# UC Davis Havanese genetic diversity resource for breeders...



## smemft (Feb 22, 2017)

I came across this while doing some Havanese research and just wanted to share it since it appears as if it might be a helpful resource specifically for Havanese breeders:

https://www.facebook.com/HavaneseDiversityProject/?hc_ref=NEWSFEED


----------



## krandall (Jun 11, 2009)

smemft said:


> I came across this while doing some Havanese research and just wanted to share it since it appears as if it might be a helpful resource specifically for Havanese breeders:
> 
> https://www.facebook.com/HavaneseDiversityProject/?hc_ref=NEWSFEED


Yup. I don't think you'll find many good breeders who aren't aware, and more and more are getting involved all the time. 

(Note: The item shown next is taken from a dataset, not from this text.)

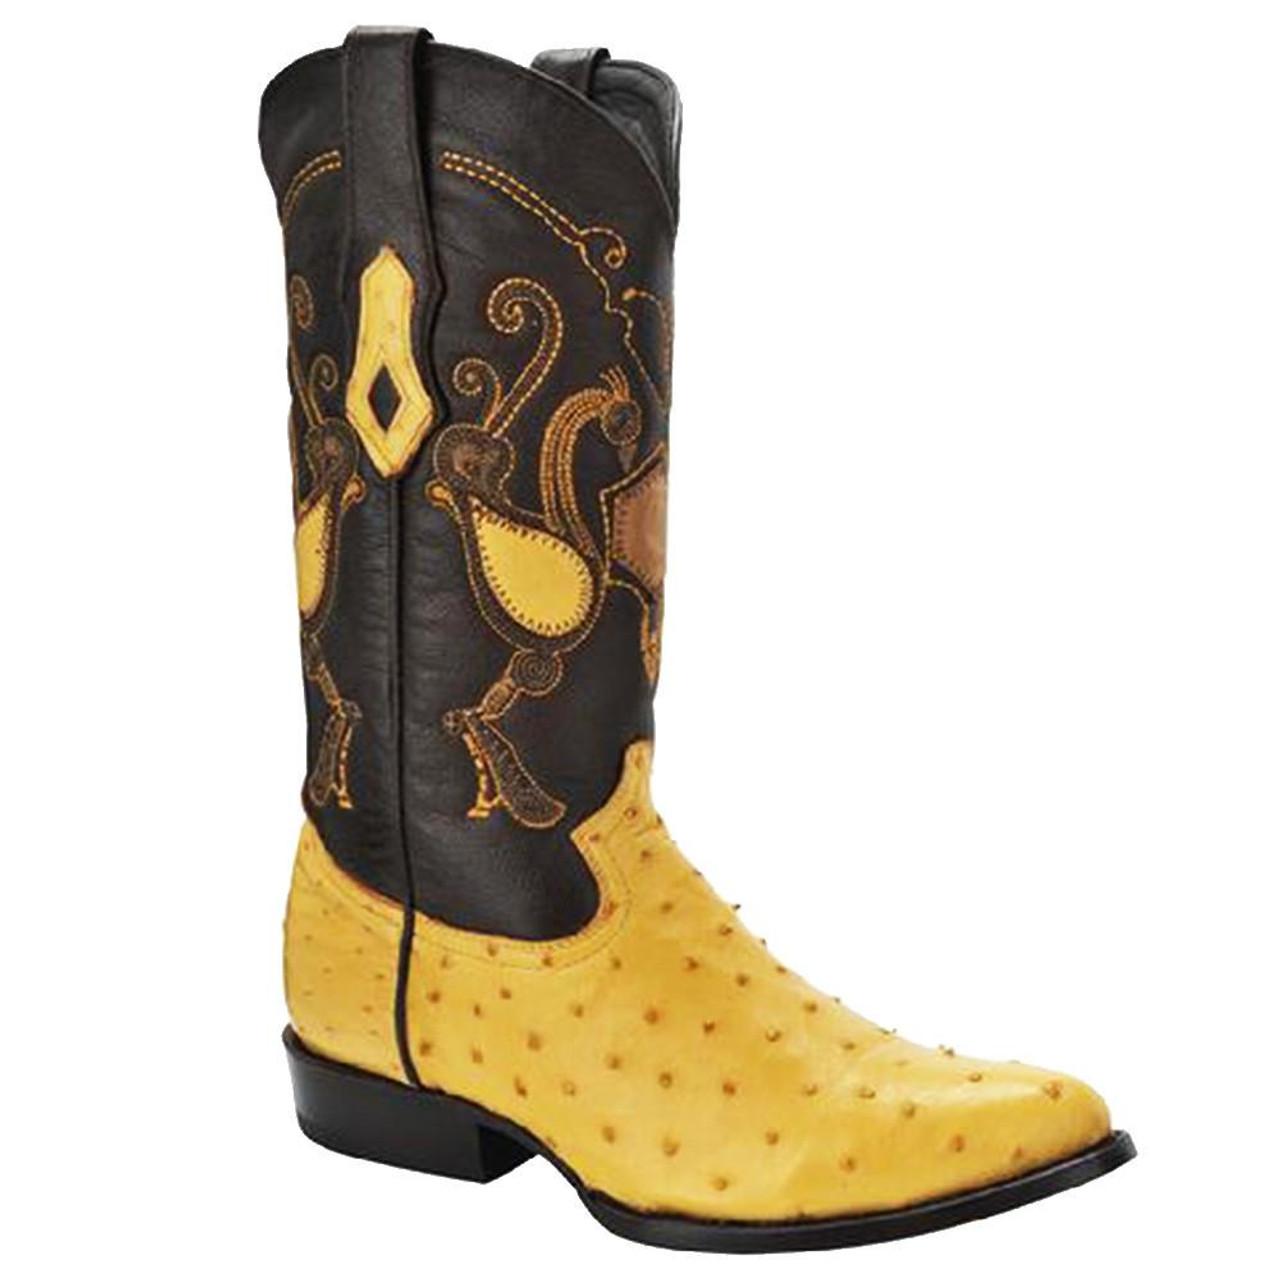 814c143342b Cuadra Men's Ostrich Cowboy Boots - Yellow

The nice thing is that our breed is showing some nice genetic diversity... which is not true of a number of other breeds. We have to work to maintain that, though.


----------



## davetgabby (Dec 29, 2007)

Sonrisas Havanese ..."Autoimmune problems seem to be the biggest health issue in the Havanese, which is perfectly understandable considering that there were so few dogs used to rebuild the breed. Lack of genetic diversity increases the chance of autoimmune problems in any mammal and especially in dogs. "


----------



## krandall (Jun 11, 2009)

davetgabby said:


> Sonrisas Havanese ..."Autoimmune problems seem to be the biggest health issue in the Havanese, which is perfectly understandable considering that there were so few dogs used to rebuild the breed. Lack of genetic diversity increases the chance of autoimmune problems in any mammal and especially in dogs. "

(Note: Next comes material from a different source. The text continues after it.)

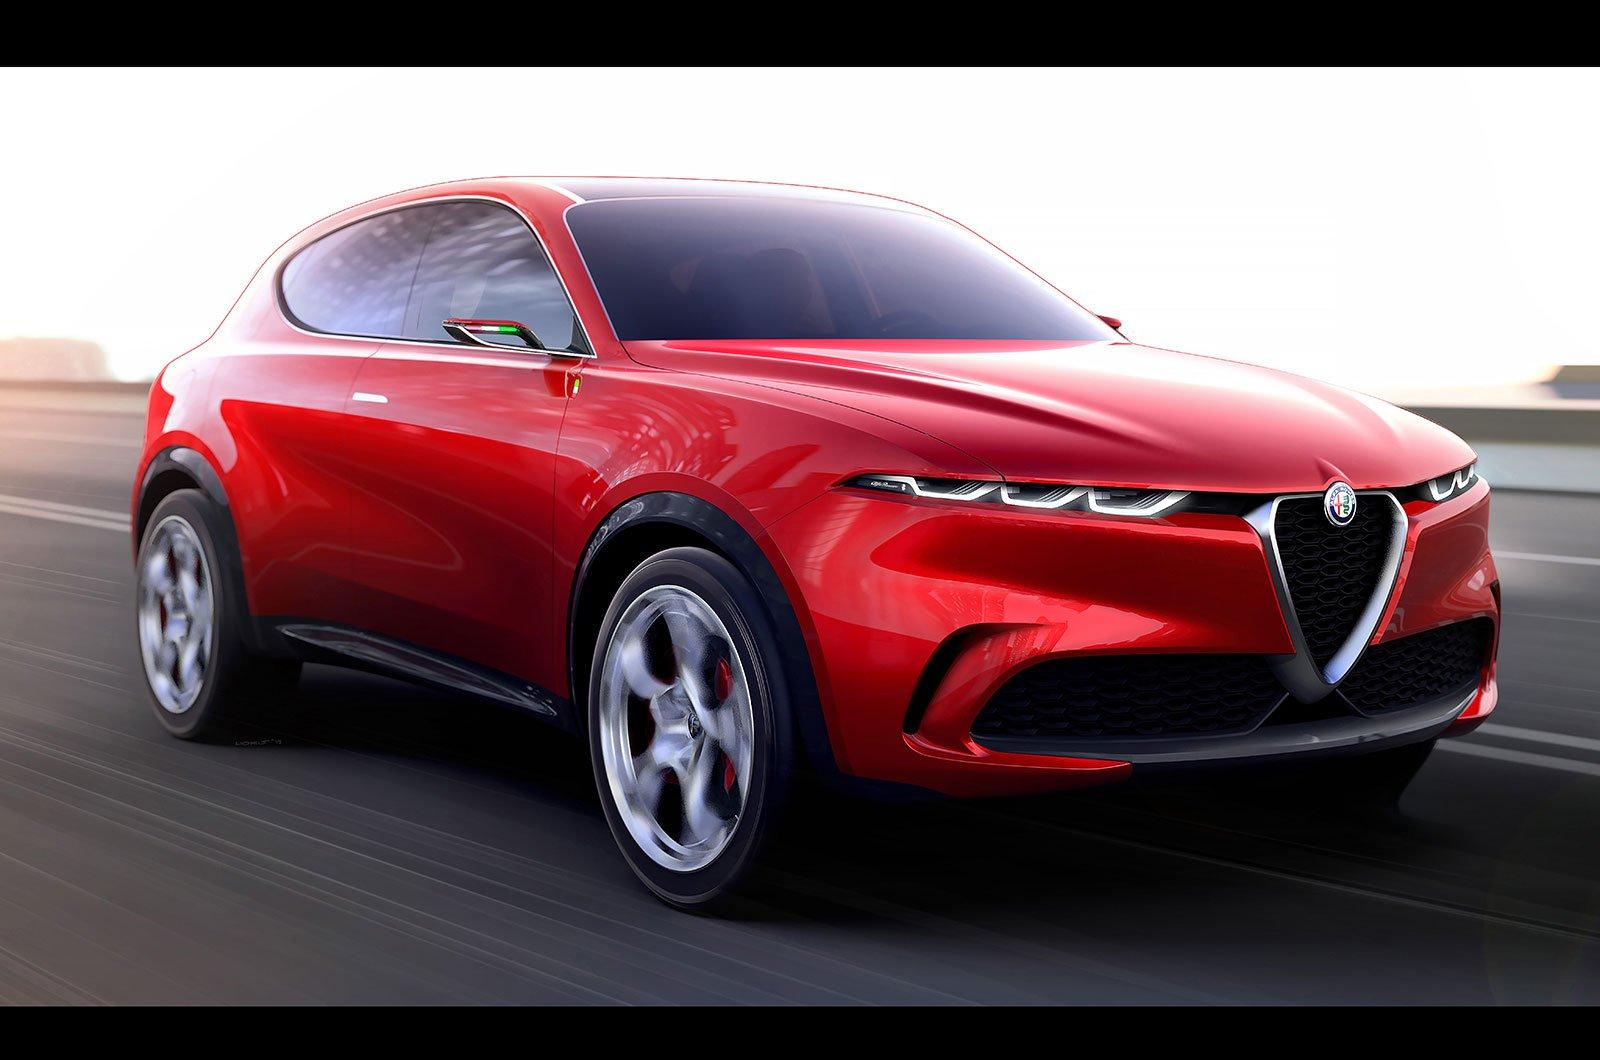 Alfa Romeo Tonale front

I agree that autoimmune problems are a big problem in the breed... possibly the biggest, though crooked fronts and bad patellas a re right up there too. (and autoimmune problems are on the rise in all breeds and mixed breeds, which means there is something other than JUST genetics involved) However, the UC Davis study is not showing that we have an excessively small gene pool... probably because our "foundation stock" was not all purebreds. Dorothy Goodale collected them based on phenotype, not with any for-sure pedigrees on a number of the dogs. Plus the addition of some eastern European blood that was probably not purebred, infant it is strongly suspected that some weren't Havanese at all. ...Add to that that the Havanese being added to the gene pool from Cuba are, genetically, not closely related to the "American Havanese at all, and as long as people are careful, we have a lot of genetic material to work with.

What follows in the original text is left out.